5 thoughts on “Nightmare data”

  1. And I even say horrid things about people I don’t talk to.

    Unwillingness to put in the effort to make data public is certainly a problem. But I also think there is another cause of ‘nightmare data’ – the fact that much of the time, scientists see themselves as doing something new with a research tool, as opposed to following some pre-specified, standard data acquisition and processing protocol. And so the data doesn’t always come out in a form that meets that requirements of various repositories.

    Although much of the time it probably is better just to use standard methods – there are many bad microarray, RNA-seq, etc. experiments out there.

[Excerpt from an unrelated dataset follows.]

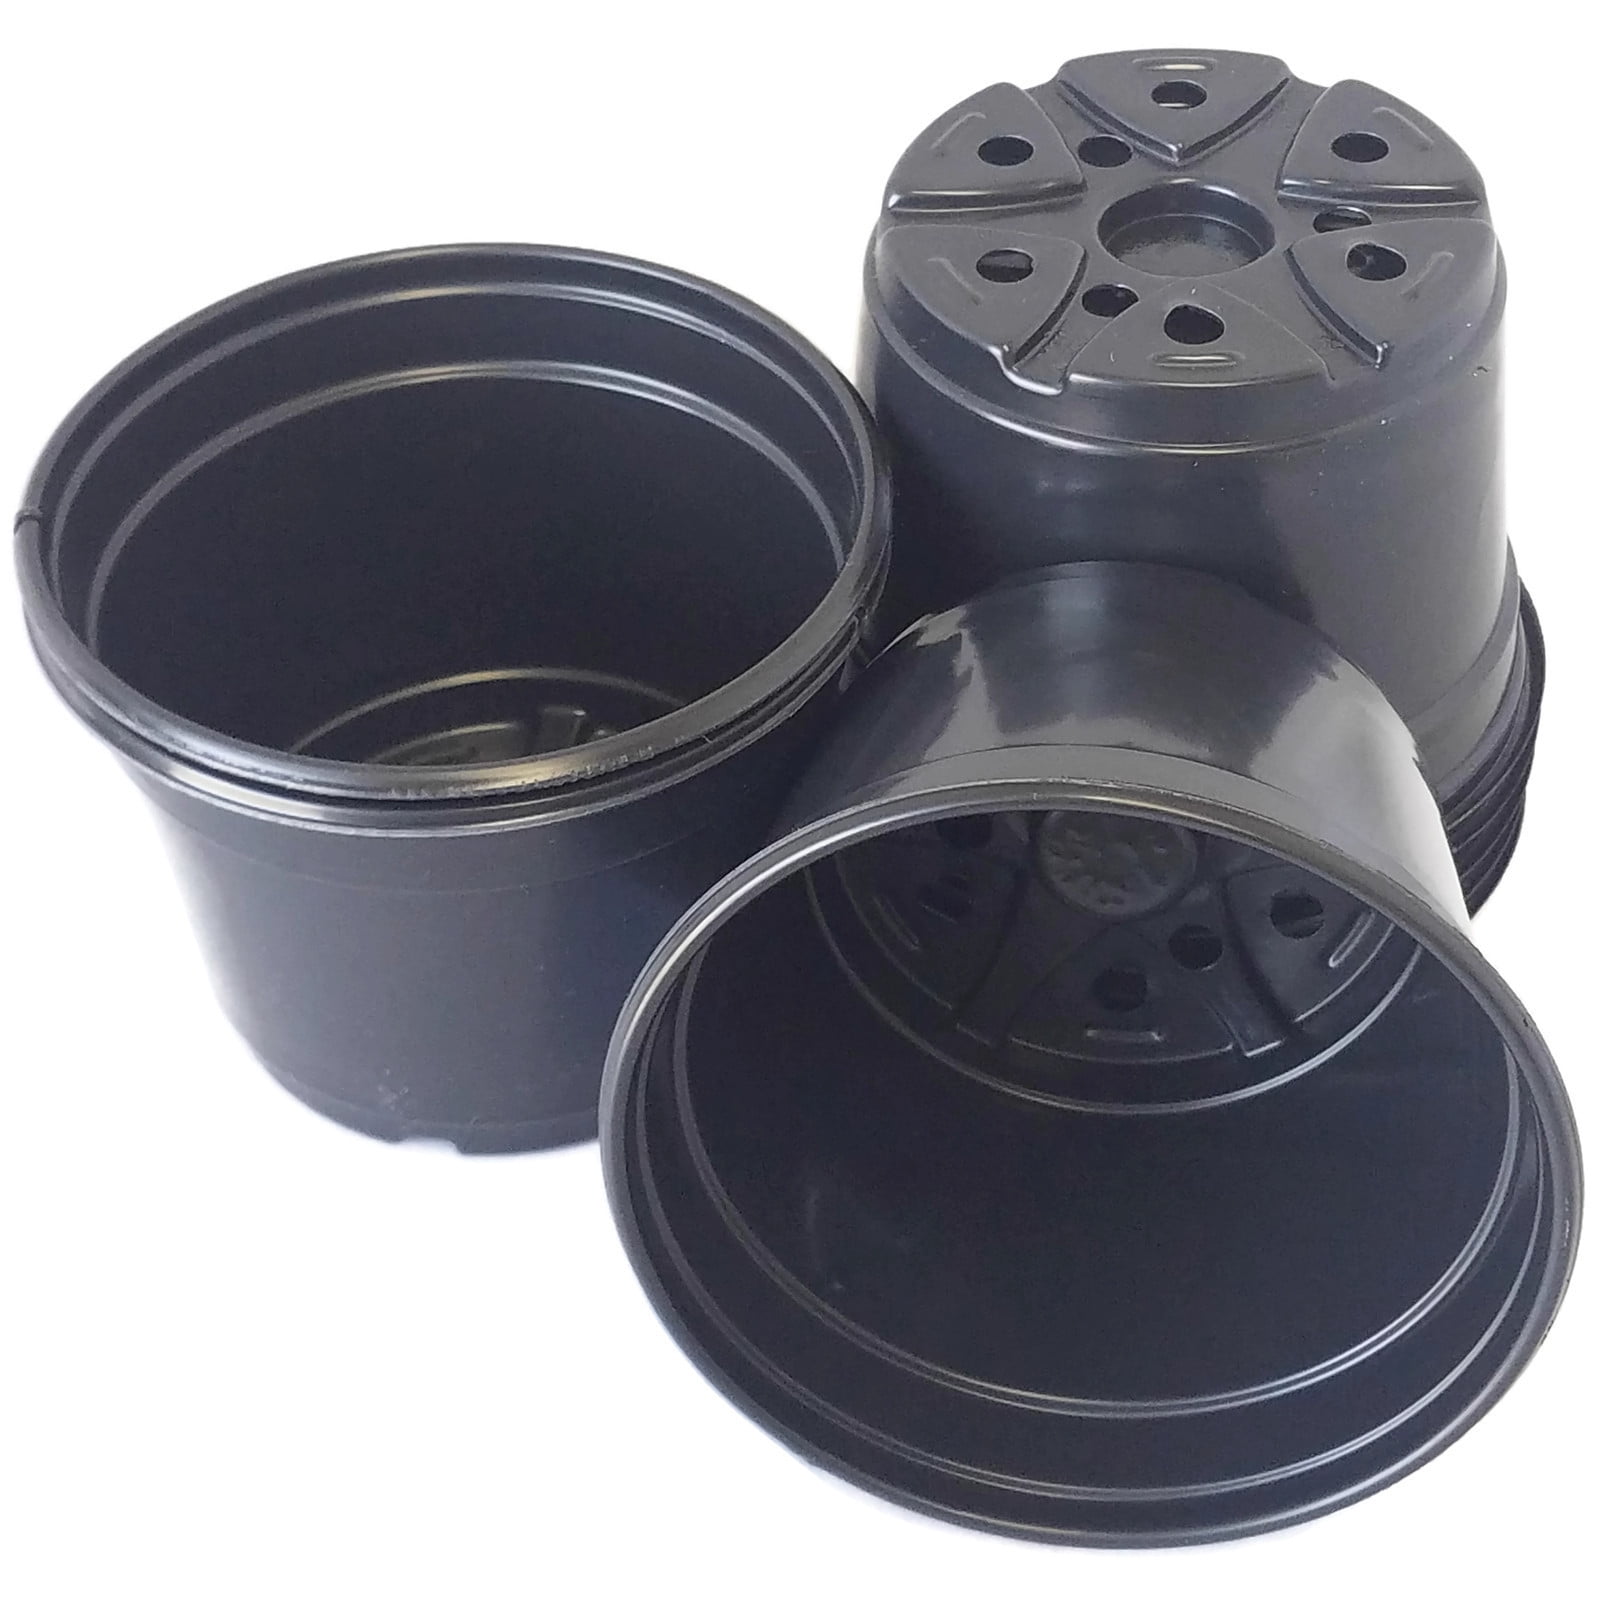 20 NEW 6 Inch Standard Plastic Nursery Pots ~ 6 Inch Round and 5.6 Inch Deep

    1. Absolutely. A primary problem is that scientists (and I imagine many organizations) are (1) just ticking the box “shared”, (2) do not have a vested interest in sharing data, and (3) don’t realize the formatting that works for them “in house” is indecipherable to the outside world.

      Not sure people realize how few of those impact building references to a research paper are actually reusing/reanalyzing existing data. A bit sad really.

      1. What is especially sad is when data from large-scale projects, whose mere existence is justified by the claim that they are producing data we all can use (ahem, ENCODE), is difficult to parse even by people who know how to perform and analyze those types of experiments.

        But it also illustrates how hard it is to get things into a standard, usable format. If ENCODE has trouble with that, god help us all.

  2. From the latest issue of Nature Reviews Genetics:

    “Today, one often hears that life sciences are faced with the ‘big data problem’. However, data are just a small facet of a much bigger challenge. The true difficulty is that most biomedical researchers have no capacity to carry out analyses of modern data sets using appropriate tools and computational infrastructure in a way that can be fully understood and reused by others.”